5. The method according to claim 4, characterized in that, The regression model includes the XGBoost model, the random forest model, and the support vector machine model; the step of training the regression model based on the target working condition data to obtain the net benefit prediction model includes: The target operating condition data is divided into a training set, a validation set, and a test set; The XGboost model, the random forest model, and the support vector machine model are trained separately based on the training set to obtain a hybrid ensemble model; The hybrid ensemble model is validated and evaluated based on the validation set to obtain the evaluation results; The parameters of the hybrid ensemble model are adjusted based on the evaluation results; The hybrid ensemble model is tested and evaluated using the test set to obtain its generalization ability. When the generalization ability meets the set criteria, the training of the hybrid ensemble model is confirmed to be complete, and the net benefit prediction model is obtained.

6. The method according to claim 3, characterized in that, Following the step of acquiring multiple historical operating condition data of the absorption stabilization system, the method further includes: The historical operating condition data is preprocessed to obtain preprocessed historical operating condition data. The preprocessing includes invalid data deletion, missing value imputation, smoothing, data type conversion, and normalization.

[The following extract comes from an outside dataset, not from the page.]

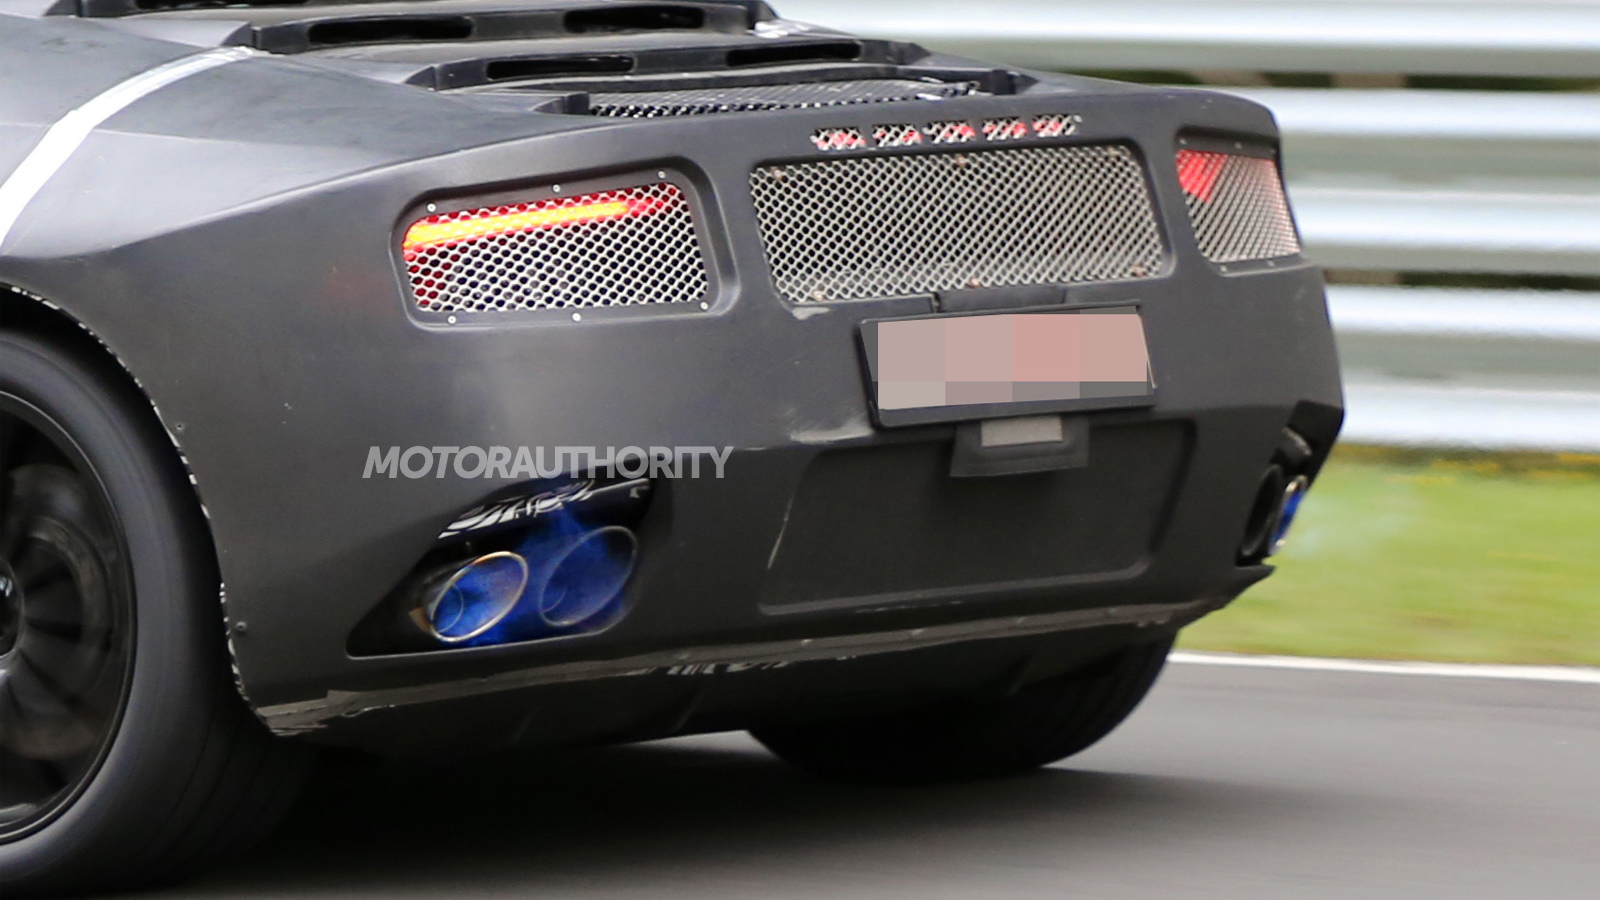 2015 Lamborghini Cabrera (Gallardo Replacement) spy shots

7. A control device, characterized in that, include: The acquisition module is used to acquire the current operating condition data of the absorption stabilization system; The identification module is used to input the current operating condition data into the operating condition identification model for identification processing to obtain the current operating condition mode, which is used to characterize the current operating status of the absorption and stabilization system. The prediction module is used to call the net benefit prediction model to perform predictive analysis based on the current operating mode and the current operating data, and obtain the net benefit prediction value. The input module is used to input the range of values ​​of the system variables to be optimized in the objective function into the process constraint relationship model to obtain process constraint parameters. The objective function is used to characterize the mapping relationship between the net benefit of the system and the system variables in the mechanism model of the absorption stabilization system. The determination module is used to determine the optimal solution set of system variables when the objective function meets the predicted net benefit value based on the process constraint parameters. This includes: after determining the predicted net benefit value as the maximum value of the objective function, determining the key parameters of the flying mouse algorithm, including population size, number of iterations, flight speed, and step size; generating an initial population based on the variable value range and the process constraint parameters; and iteratively updating the initial population multiple times according to the key parameters to obtain the optimal solution set of system variables when the objective function reaches its maximum value. The adjustment module is used to adjust the process parameters of the absorption stabilization system based on the optimized solution set of the system variables.

8. A control device, characterized in that, It includes a processor and a memory, wherein the memory stores a computer program, which, when executed by the processor, implements the method of any one of claims 1 to 6.

9. A computer-readable storage medium having a computer program stored thereon, characterized in that, When the computer program is executed by a processor, it implements the method of any one of claims 1 to 6.